Toolpath simulation in GibbsCAM

And the team at Precimax readily accepts the new technology.

“We have a couple of young guys that are really eager when they get this new software,” says Kool. “And they enjoy proving me wrong. That’s great, those are fun challenges that they face. And they have lots of time to work on better understanding the software as well. A lot of parts will have an hour run cycle, and the guys use that time to work in Gibbs on the next job. Each machine has a computer and is hooked up to our network. Better than me giving them a program and saying ‘run this’.”

Kool considers this set-up key to their success.

“That’s the way to develop people. It’s very difficult to get apprentices. We have to develop our own people. My brother and I talk about this a lot. If you just give guys programs we’ve used for years to run the same parts, they are never going to take us to the next level. We encourage them to think outside the box and say, ‘hey, if we do it like this we could probably save some time.’ And sometimes it works, sometimes it doesn’t. The point is, it strengthens people. It’s not just making parts, it’s building capable machinists.”

GibbsCAM simulation
GibbsCAM simulation allows to check for errors before the part is cut on the shop floor

Precimax currently has 25 people on staff. They’ve had their ups and downs in the tumultuous markets of the past few years, but they are healthy at the moment and looking to expand their reach by becoming ISO certified. In preparation for that they’ve revamped their inspection facility and added a Mitutoyo Crysta Apex 9106 CMM machine to their arsenal of tools. “You never want to be tied to only one or two markets,” says Kool.

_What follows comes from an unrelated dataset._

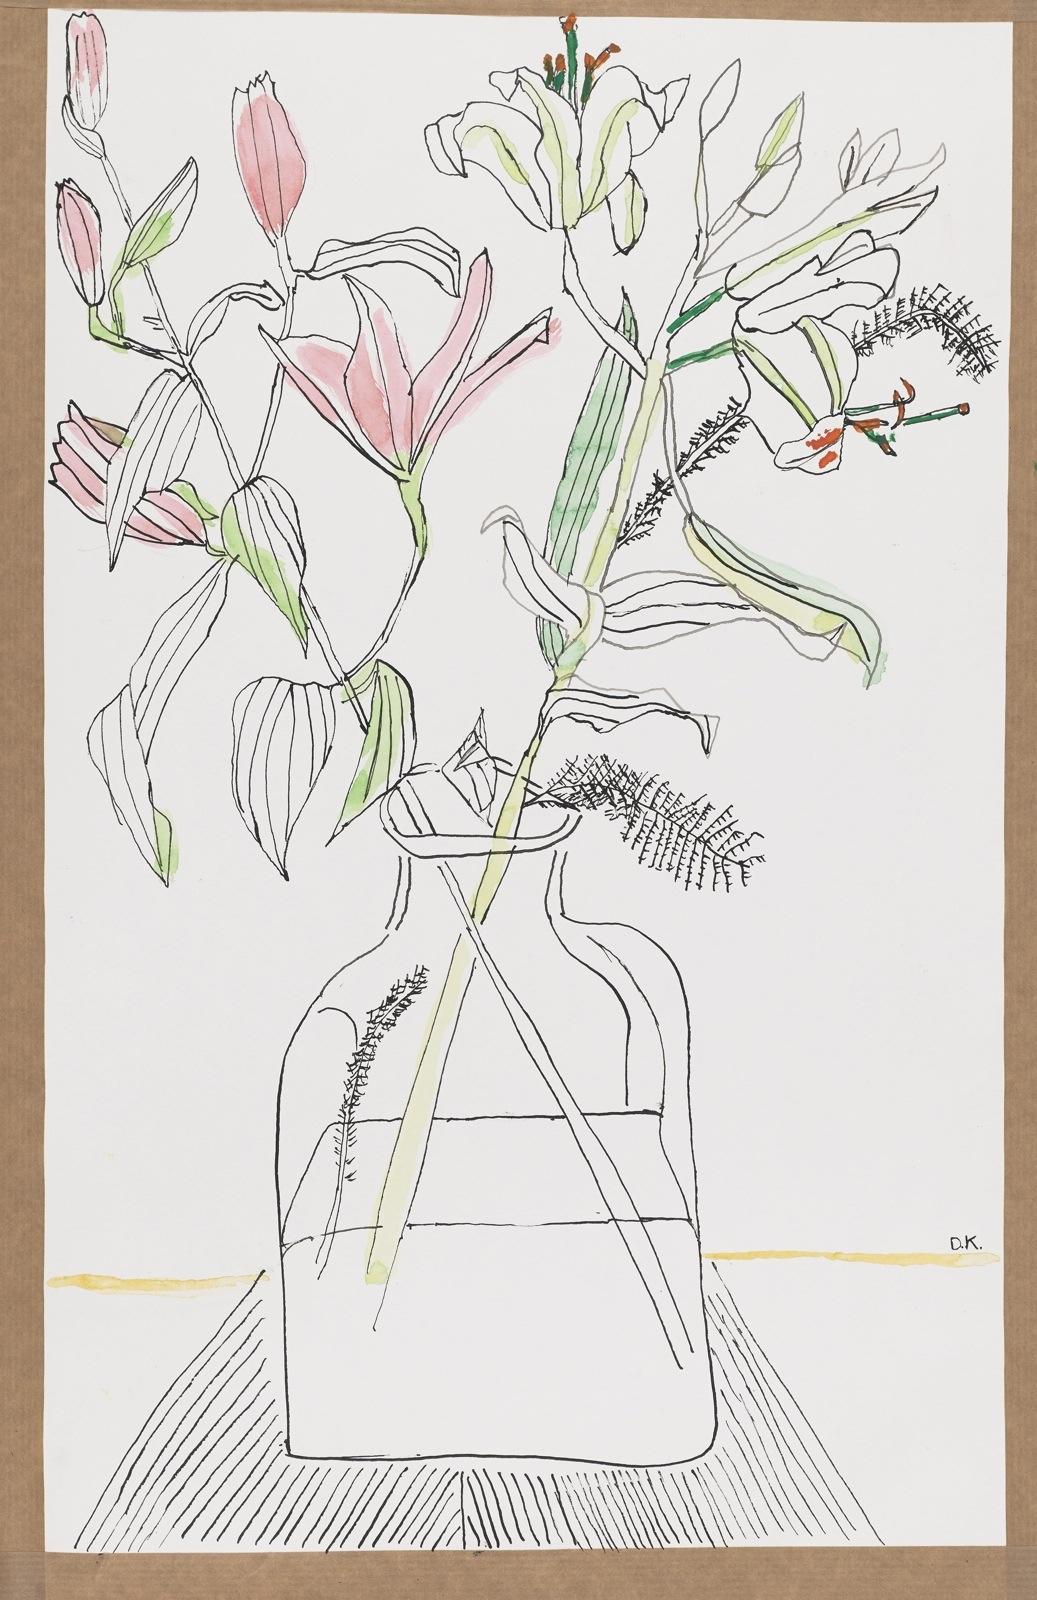 Dessin, encre de chine et aquarelle : Fleurs en bocal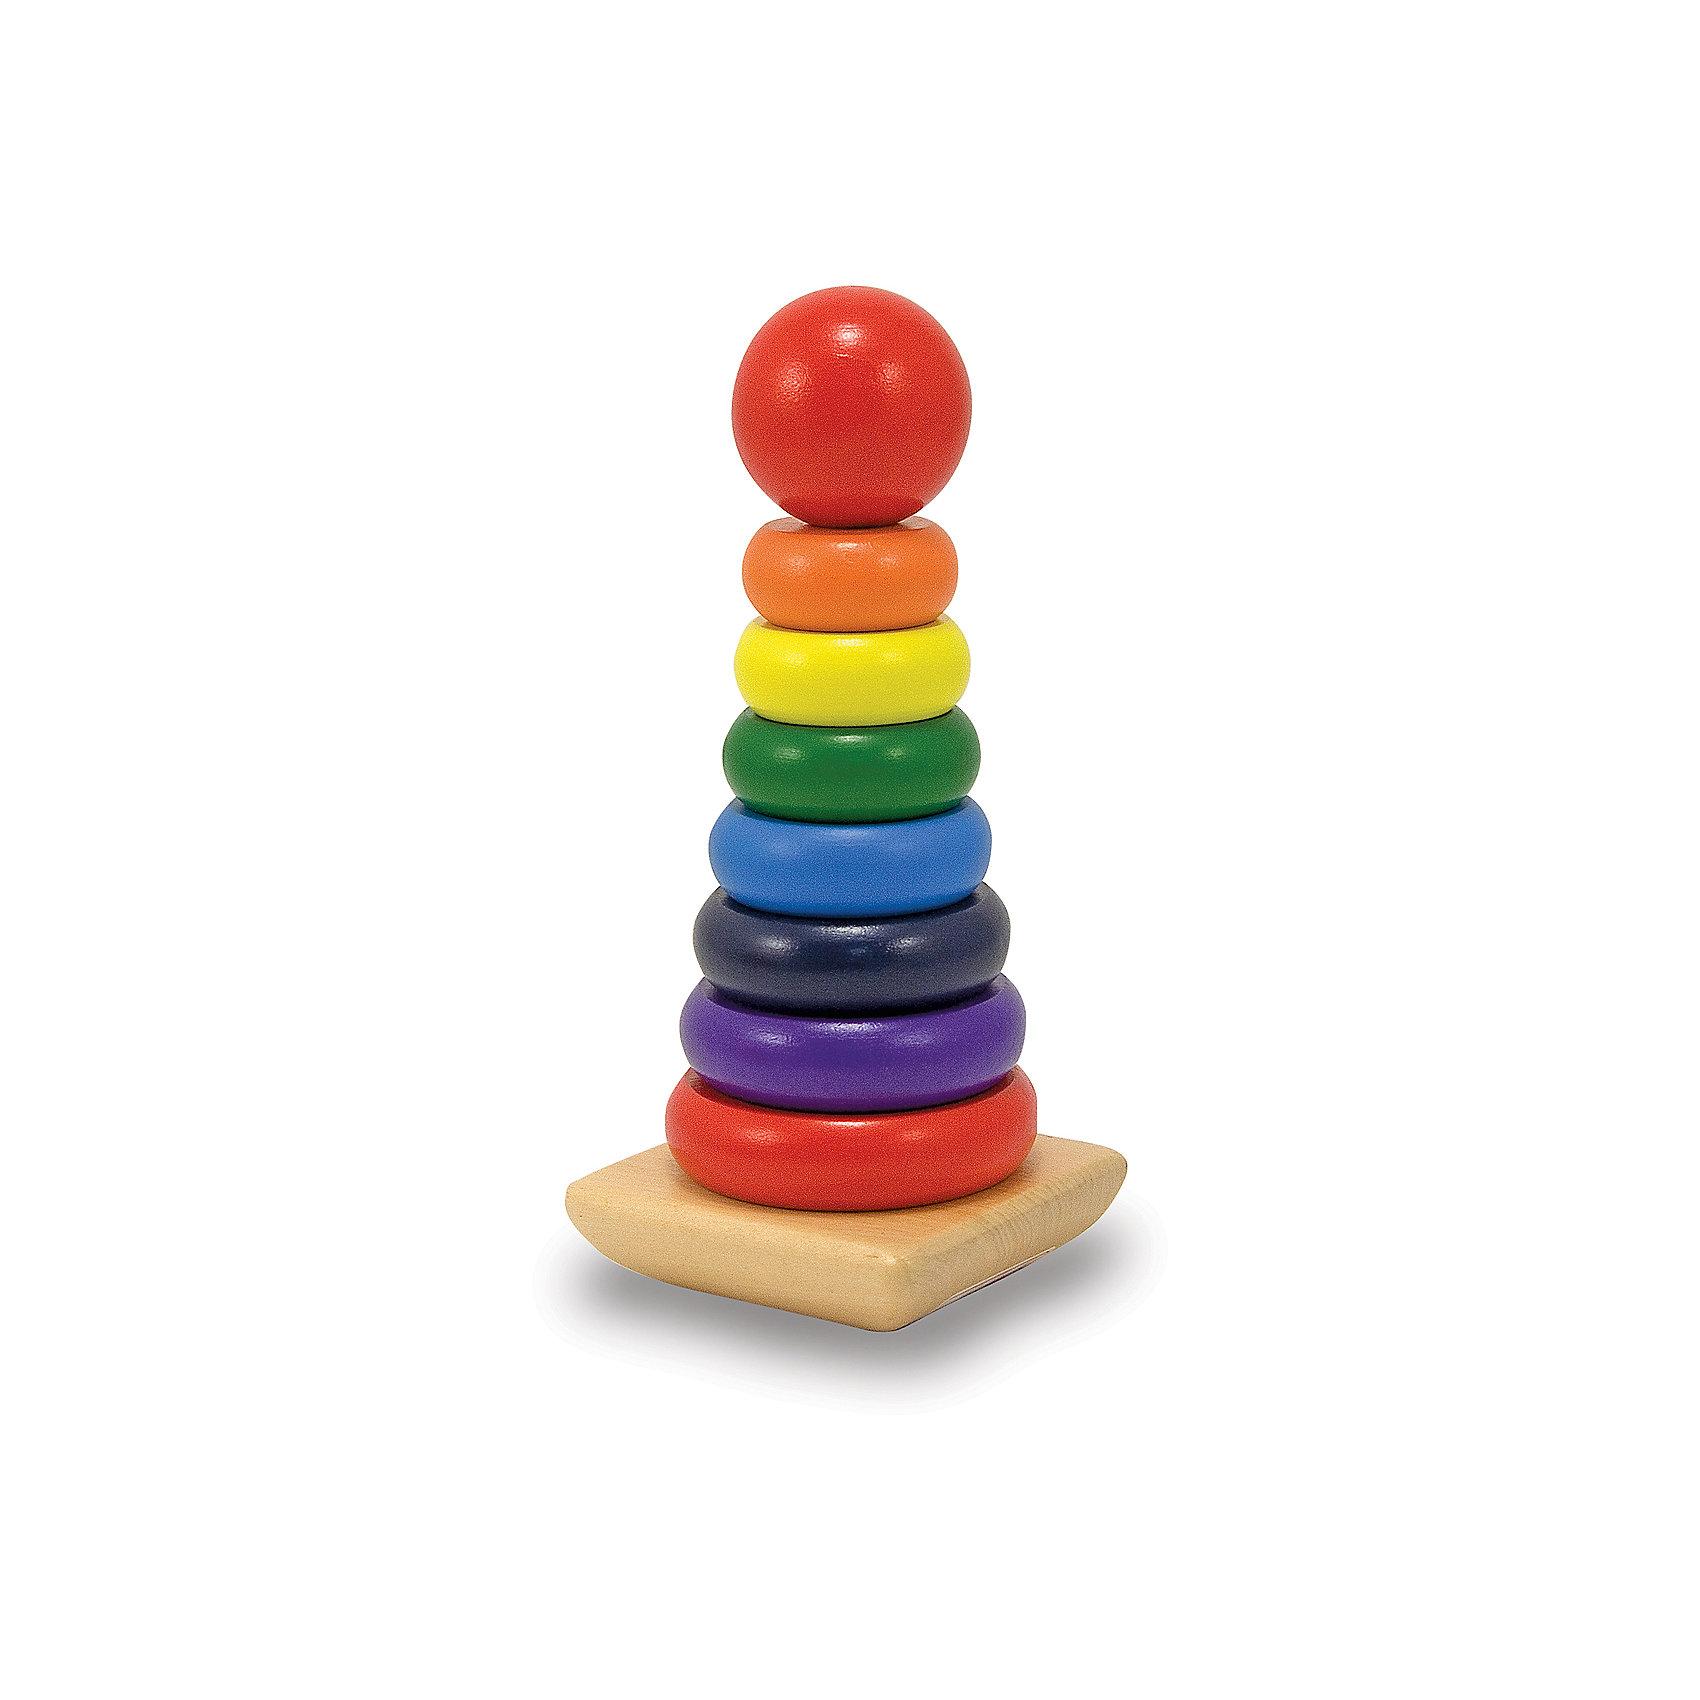 Melissa & Doug Радужная пирамидка, Melissa & Doug краснокамская игрушка развивающая пирамидка кольцевая

The CMM has been a great addition as well. It can handle parts of about 3 feet wide by 4 feet long. “We’ve taken on one mission-critical part for a client and we make a ton of them. It has about 300 dimensions that have to be checked and the CMM can fully inspect that in 45 minutes. We’ve always had a CMM, but never of this caliber.”

The biggest part that Precimax can handle is about 22 inches in diameter and up to five or six feet long. But they can work with parts as small as an eighth of an inch in diameter as well.

“Being a job shop we have to maintain flexibility,” says Kool. “Most of the parts we work on are very small. Everyone’s trying to fit more in a smaller package. And we do a lot of design for manufacture work with certain clients to ensure that we make them the parts they really need. That’s where we really enjoy our job – when we’re able to be part of the solution. At that point, you’re not just a supplier, you’re a partner.”

Which comes right back to how the Kool’s treat their own team – as partners, in their own way, building the success of Precimax as a place that cares about doing complex jobs the right way – building success that can last.